Claude Code · Opus 4.6 vs Opus 4.7

Same requirements spec, different model generation (4.6 → 4.7).
Comparison: does the newer model produce better-factored code?

How each dimension was judged during human review — operational definitions & scoring method

Scoring method. Each dimension is a head-to-head. A model "wins" a row when its output meets the operational bar more cleanly than the other. A "tie" means the observable difference is within measurement noise. No weighted average is computed — the takeaway is the shape of wins, not a composite score.
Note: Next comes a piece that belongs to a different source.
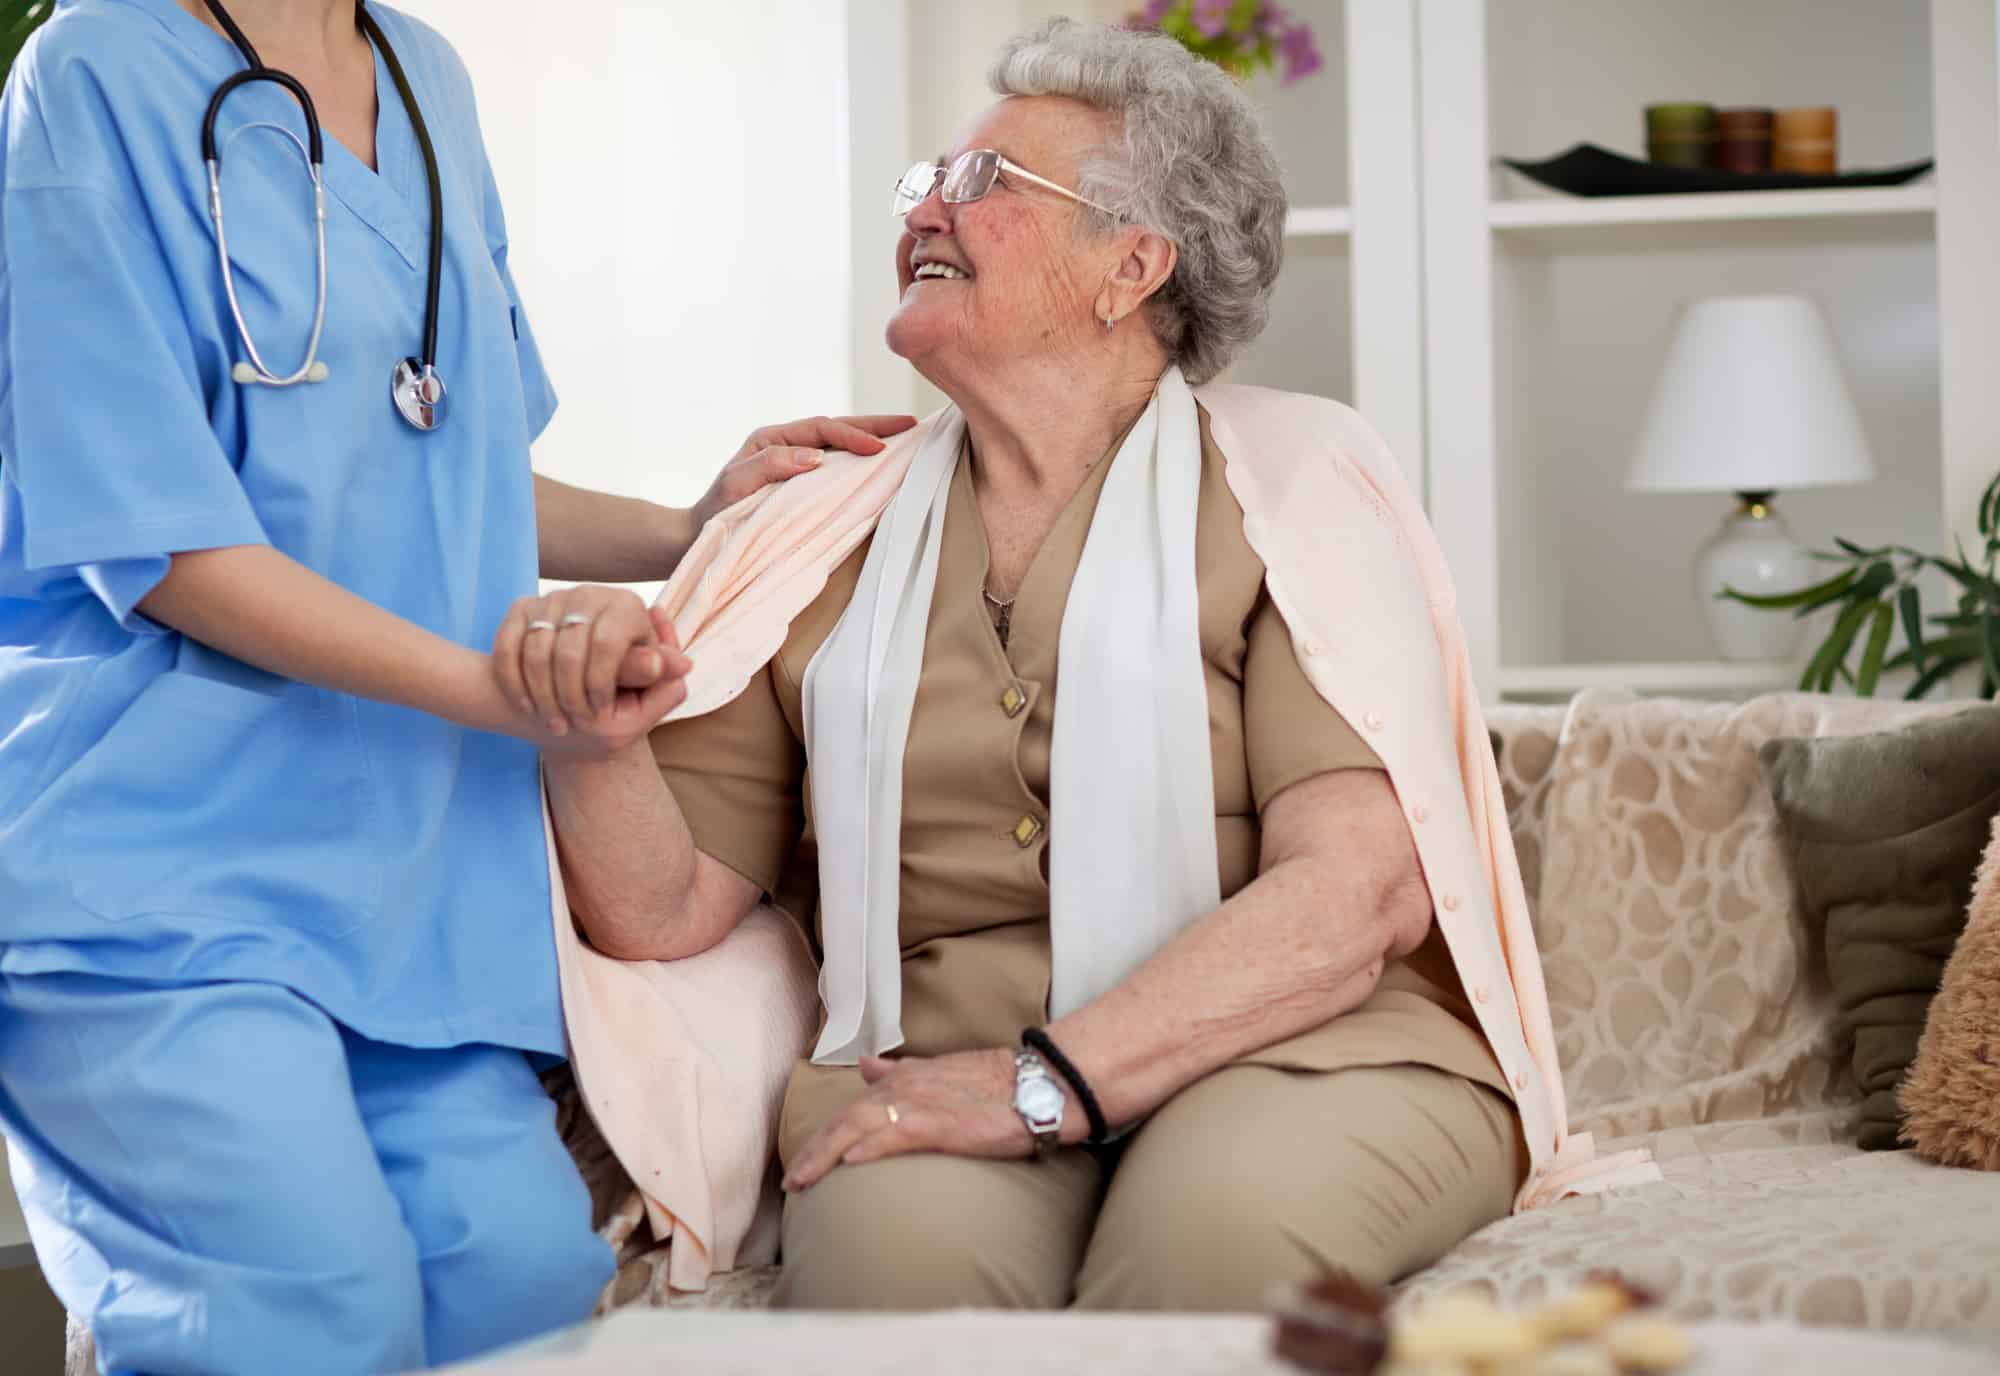 7 Awesome Benefits of In Home Care for Senior Citizens

Dimension	What it measures	Signals for "better"
File size	Total lines of the single-file output	Fewer lines for the same feature set
Strict mode	Whether the JS block opens with `'use strict'`	Present — flags implicit globals & reserved-word assignment
CSS custom properties	Presence of `--var` declarations at `:root`	More named variables; fewer repeated hex values
Global state variables	Module-scope `let` declarations that get mutated	Fewer globals; clearer ownership of mutable state
`var`/`let`/`const` discipline	Use of `const` where rebinding never occurs; absence of `var`	Higher const-to-let ratio; `var`-free
Code layering	Whether top-to-bottom order reflects dependency order	Constants → state → DOM refs → helpers → logic
Naming quality	Identifier clarity at the top of the file and in hot paths	Full words; convention held across long generations
Function length (worst case)	Line counts of the longest functions	Lower P90; fewer functions over 50 lines
Async control flow	Max closure/callback nesting in async pipelines	Shallower nesting; named helpers over inline lambdas
Magic numbers	Unnamed numeric literals in core logic (scoring, AI, timing)	Hoisted to named constants or clustered near call sites
Persistence layer	Organization of localStorage access	Dedicated load/save module; try/catch without silent fails
Input-handler guard pattern	Repeated precondition checks across event handlers	Centralized guard wrapper; no inline duplication
HTML structure	Semantic clarity of the DOM layout	Named layout sections; logical grouping over flat div-soup

Worked example · Naming quality

LESS CLEAR · FOUND IN 4.6

// deep in the AI scoring code
let topPen = 0;
...
tooltip.innerText =
  'Hght: ' + h + ', Vlly: ' + v;

Abbreviations appear in hot paths late in the file. Signals the model started losing its naming conventions under long-generation context pressure.

CLEARER · FOUND IN 4.7

function evaluateBoardDetailed(board) {
  const heights = columnHeights(board);
  const holes   = countHoles(board);
  const valleys = detectValleys(heights);
  ...
}

Full-word identifiers continue deep into the file. The model is still honoring the naming convention it set up earlier.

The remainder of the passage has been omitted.